Exercise:
Repeat all of the data below word for word, keeping no images.

Data shown:
###

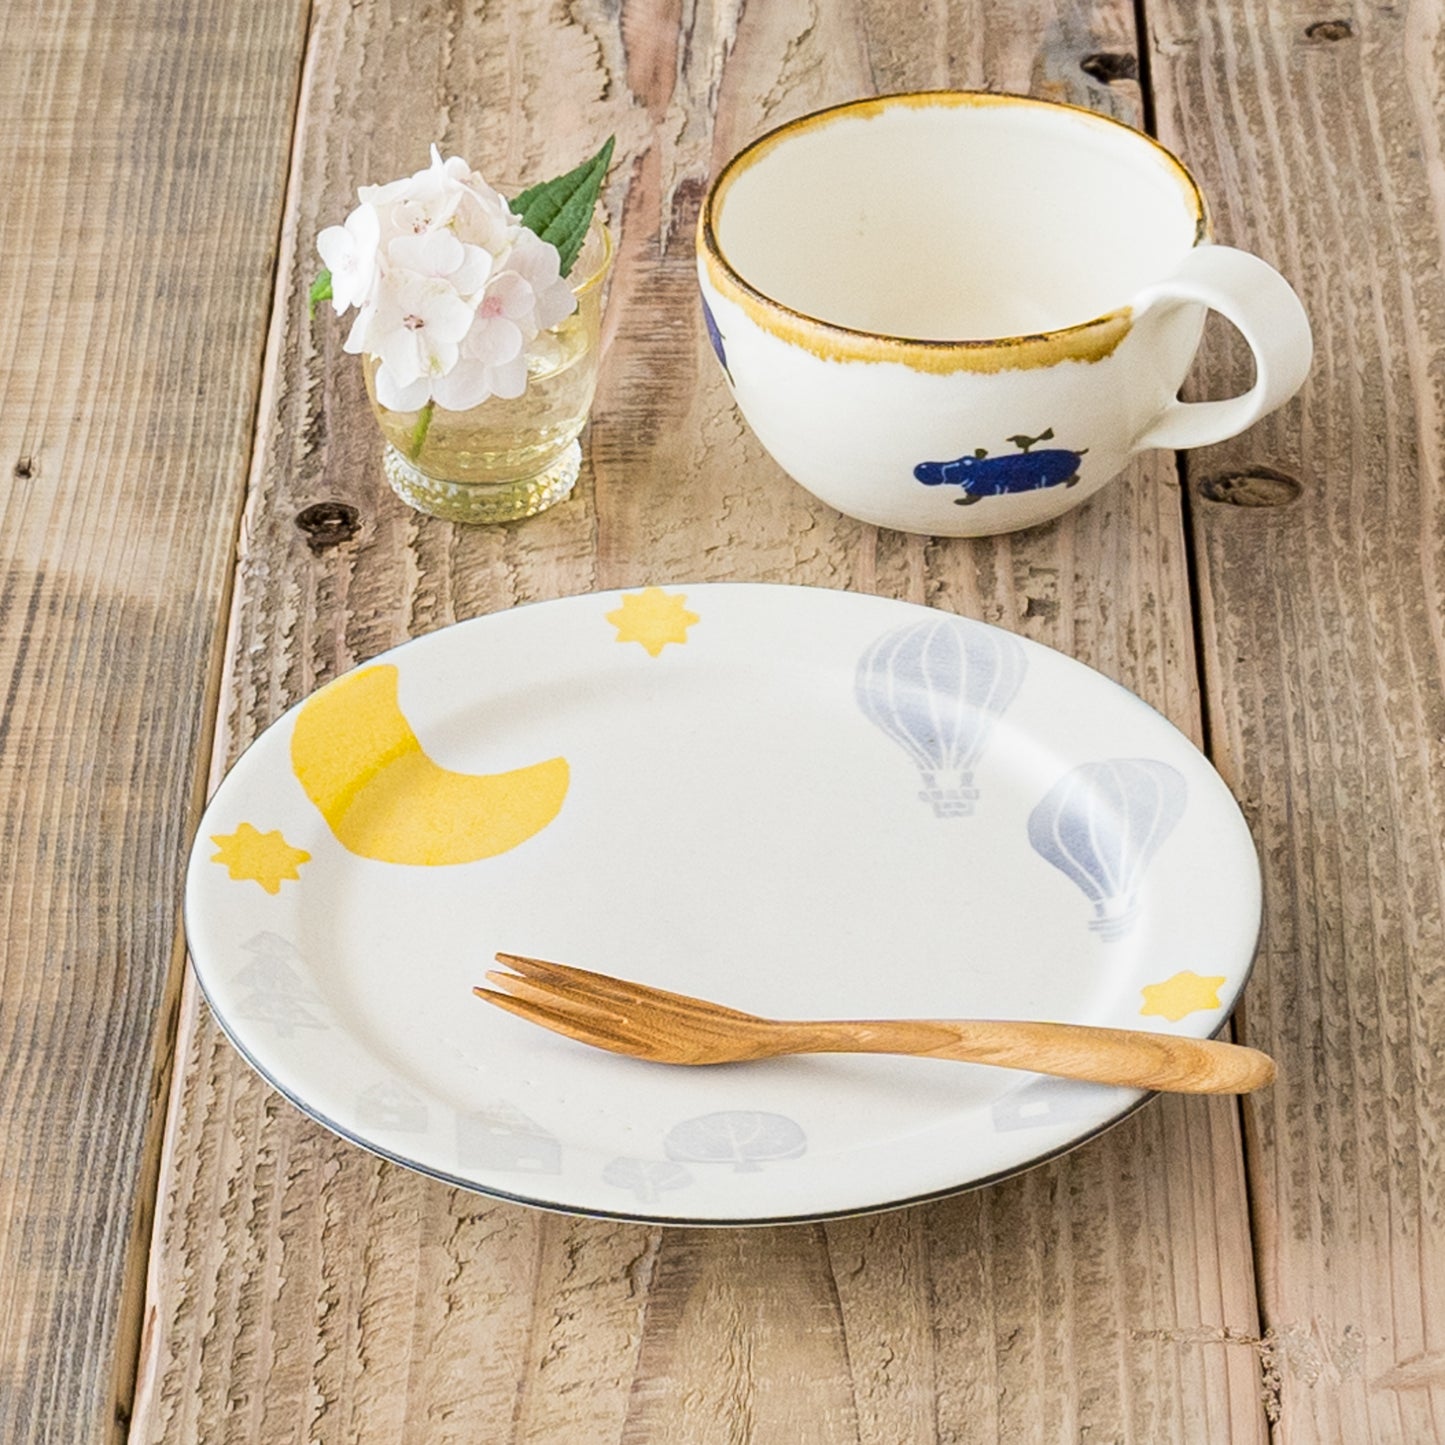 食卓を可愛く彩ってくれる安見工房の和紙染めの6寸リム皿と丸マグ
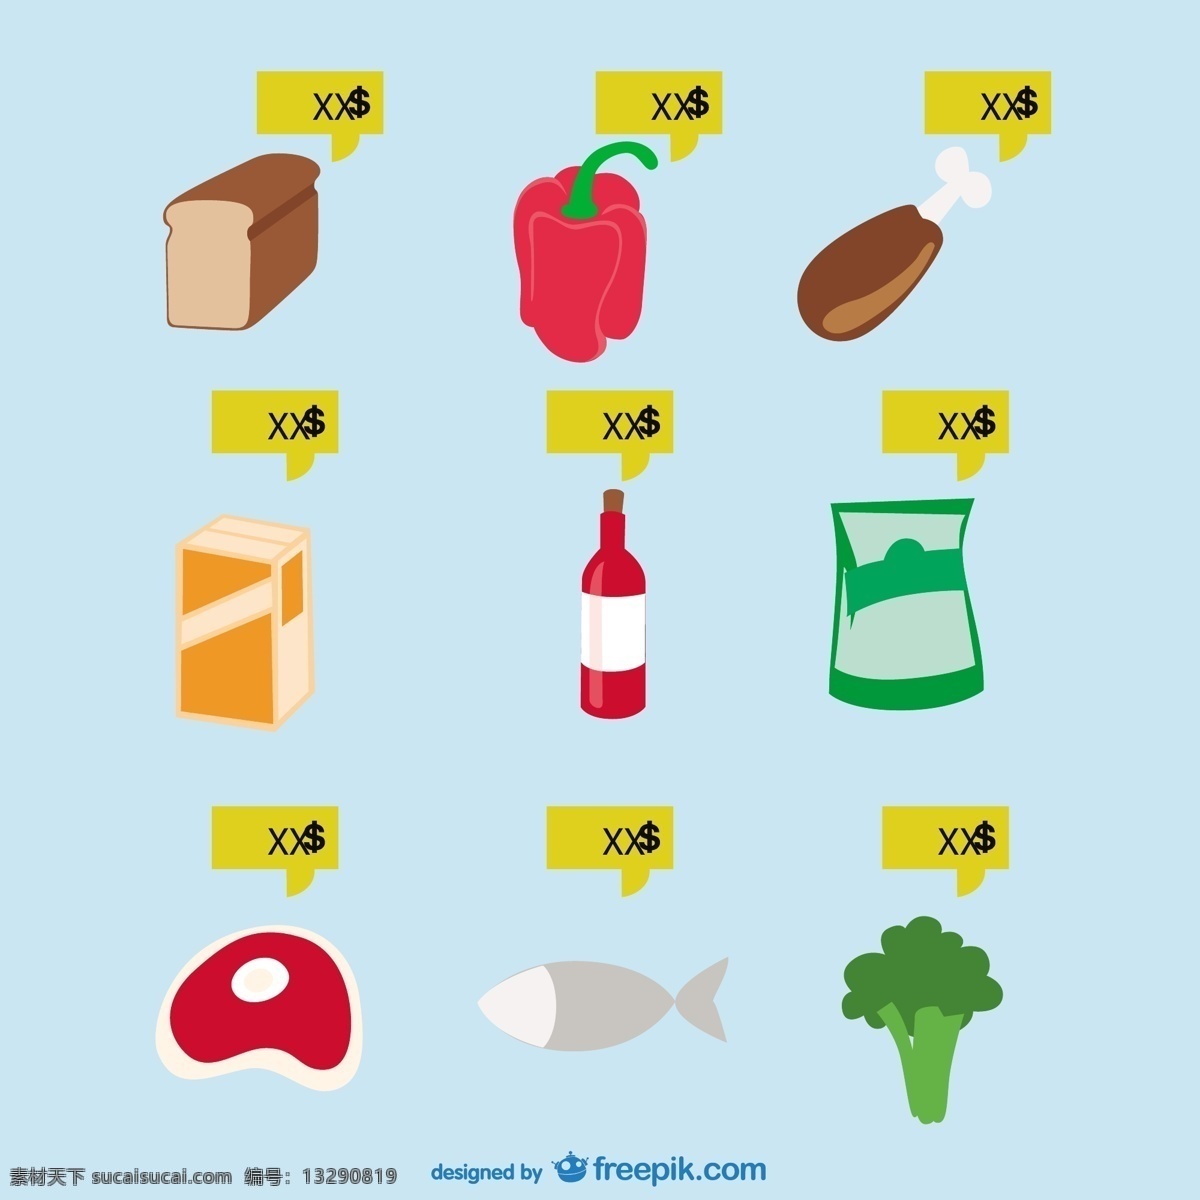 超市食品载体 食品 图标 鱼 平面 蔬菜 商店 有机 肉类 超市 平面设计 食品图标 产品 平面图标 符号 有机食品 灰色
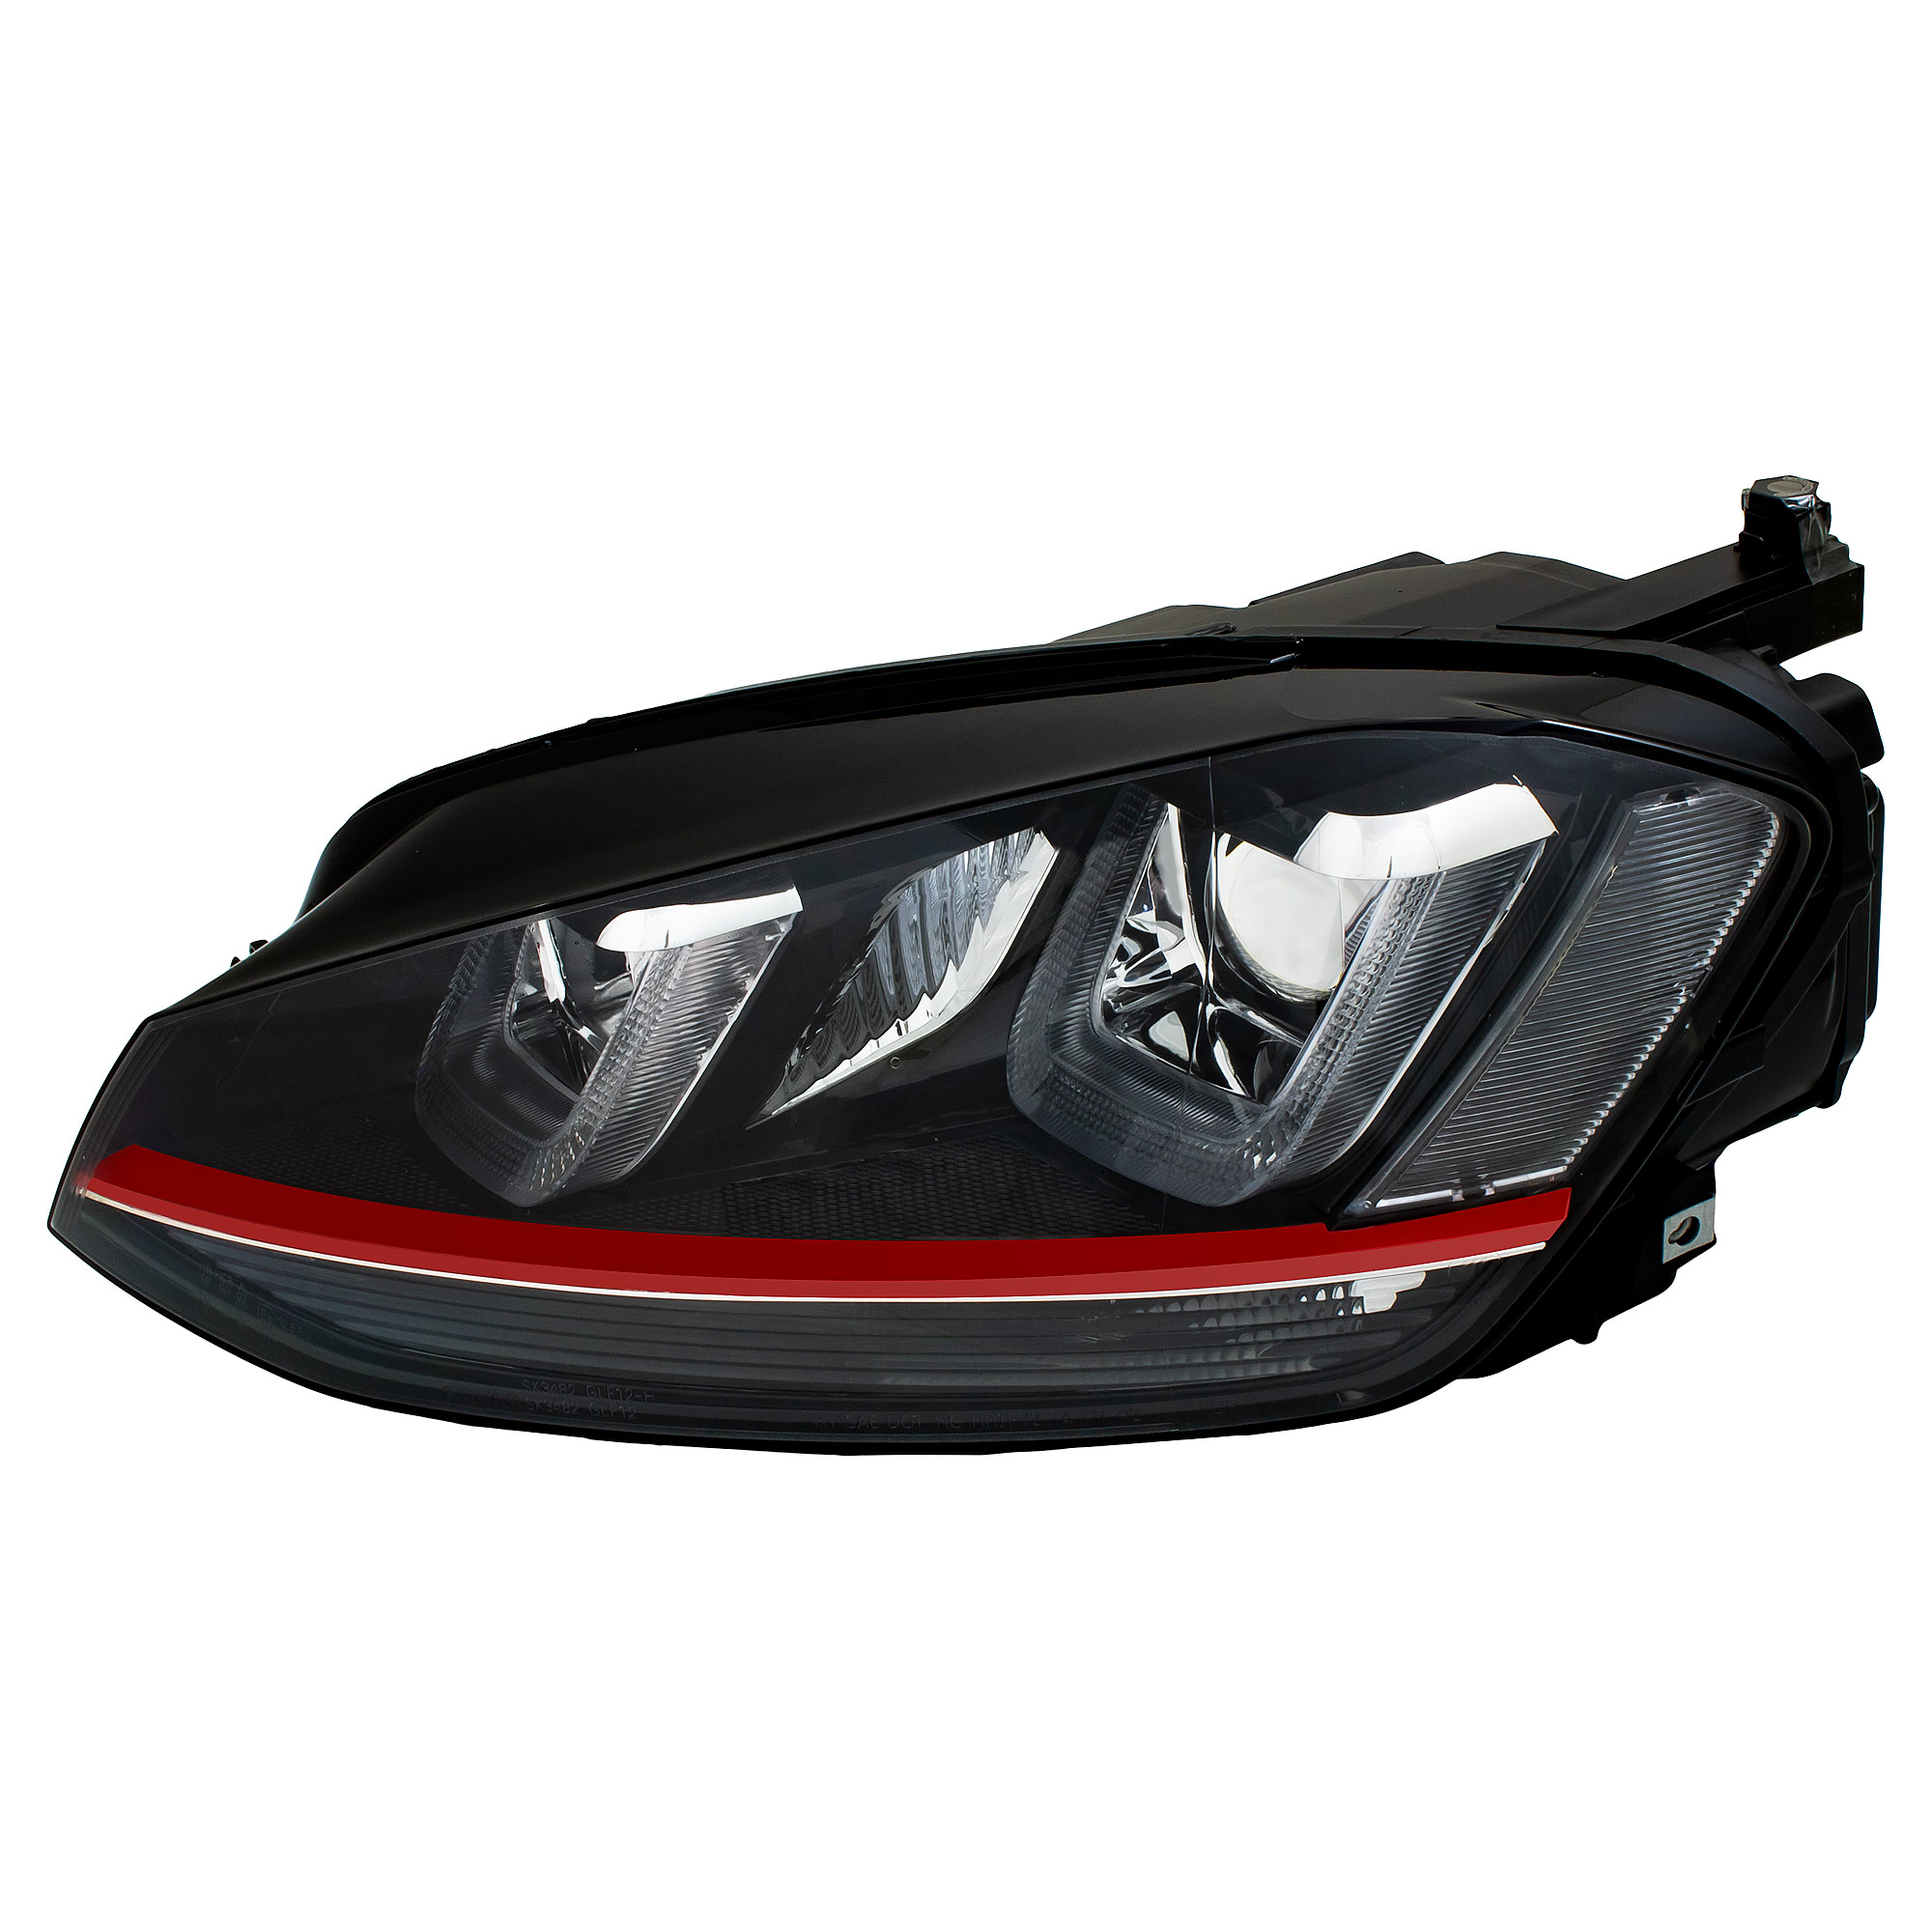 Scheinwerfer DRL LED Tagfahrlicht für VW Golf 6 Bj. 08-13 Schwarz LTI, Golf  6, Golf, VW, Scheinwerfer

###

Task result:
 食卓を可愛く彩ってくれる安見工房の和紙染めの6寸リム皿と丸マグ
 超市食品载体 食品 图标 鱼 平面 蔬菜 商店 有机 肉类 超市 平面设计 食品图标 产品 平面图标 符号 有机食品 灰色
 Scheinwerfer DRL LED Tagfahrlicht für VW Golf 6 Bj. 08-13 Schwarz LTI, Golf  6, Golf, VW, Scheinwerfer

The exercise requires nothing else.